Hiera data in modules and OS independent puppet

Earlier this year, R.I.Pienaar released his brilliant data in modules hack, a few months ago, I got the chance to start implementing it in Puppet-Gluster, and today I have found the time to blog about it.

What is it?

R.I.’s hack lets you store hiera data inside a puppet module. This can have many uses including letting you throw out the nested mess that is commonly params.pp, and replace it with something file based that is elegant and hierarchical. For my use case, I’m using it to build OS independent puppet modules, without storing this data as code. The secondary win is that porting your module to a new GNU/Linux distribution or version could be as simple as adding a YAML file.

How does it work?

(For the specifics on the hack in general, please read R.I. Pienaar’s blog post. After you’re comfortable with that, please continue…)
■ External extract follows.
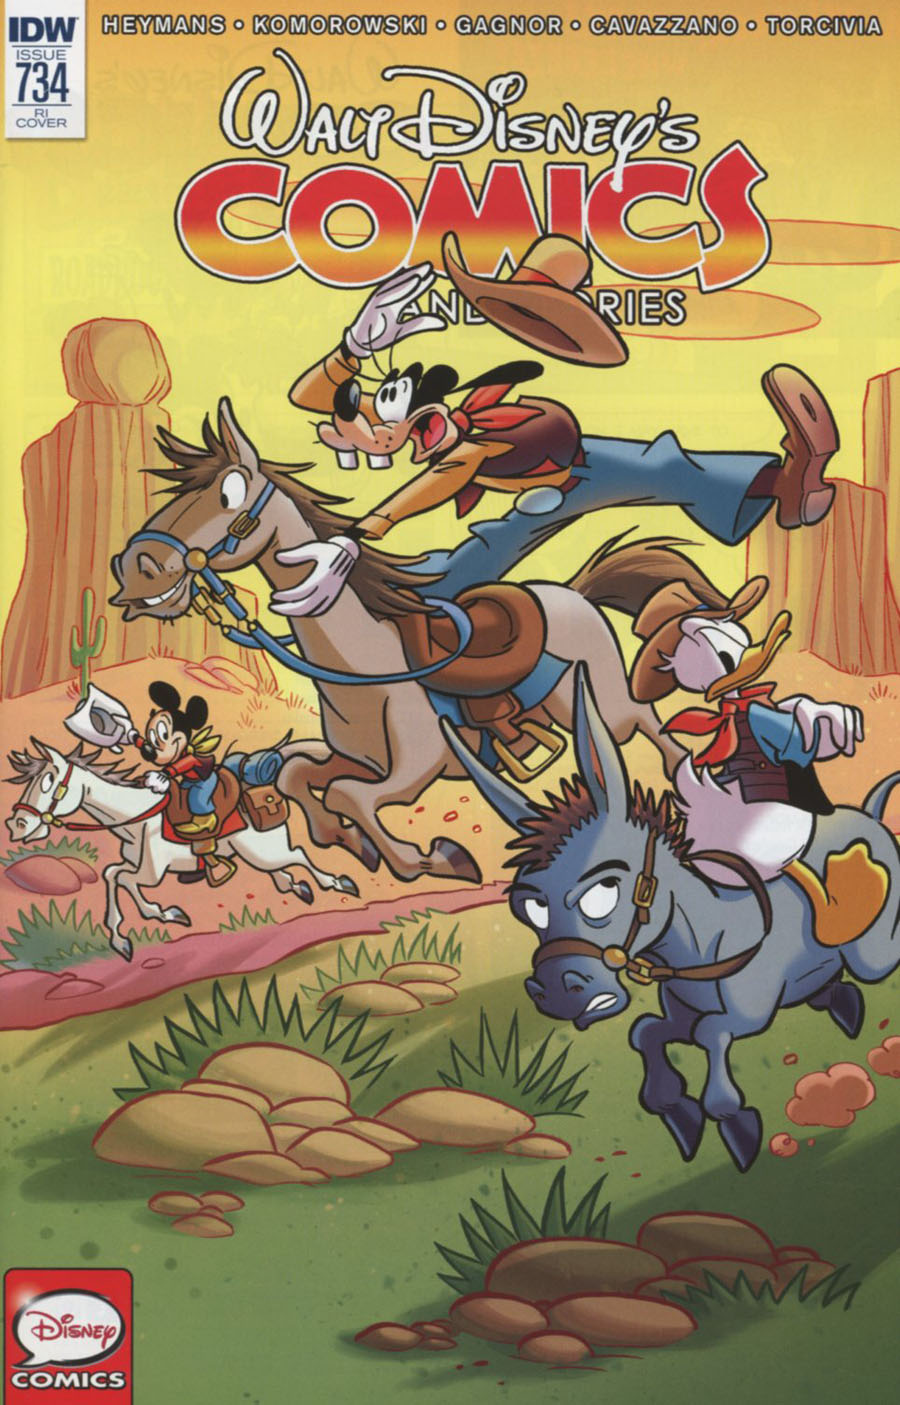 Walt Disneys Comics & Stories #734 Cover C Incentive Marco Mazzarello Variant Cover

In the hiera.yaml data/ hierarchy, I define an OS / version structure that should probably cover all use cases. It looks like this:

- params/%{::osfamily}/%{::operatingsystem}/%{::operatingsystemrelease}
- params/%{::osfamily}/%{::operatingsystem}
- params/%{::osfamily}
- common

At the bottom, you can specify common data, which can be overridden by OS family specific data (think RedHat “like” vs. Debian “like”), which can be overridden with operating system specific data (think CentOS vs. Fedora), which can finally be overridden with operating system version specific data (think RHEL6 vs. RHEL7).

Grouping the commonalities near the bottom of the tree, avoids duplication, and makes it possible to support new OS versions with fewer changes. It would be especially cool if someone could write a script to refactor commonalities downwards, and to refactor new uniqueness upwards.

This is an except of the Fedora specific YAML file:

gluster::params::package_glusterfs_server: 'glusterfs-server'
gluster::params::program_mkfs_xfs: '/usr/sbin/mkfs.xfs'
gluster::params::program_mkfs_ext4: '/usr/sbin/mkfs.ext4'
gluster::params::program_findmnt: '/usr/bin/findmnt'
gluster::params::service_glusterd: 'glusterd'
gluster::params::misc_gluster_reload: '/usr/bin/systemctl reload glusterd'

Since we use full paths in Puppet-Gluster, and since they are uniquely different in Fedora (no more: /bin) it’s nice to specify them all here. The added advantage is that you can easily drop in different versions of these utilities if you want to test a patched release without having to edit your system utilities. In addition, you’ll see that the OS specific RPM package name and service names are in here too. On a Debian system, they are usually different.


This depends on Puppet >= 3.x and having the puppet-module-data module included. I do so for integration with vagrant like so.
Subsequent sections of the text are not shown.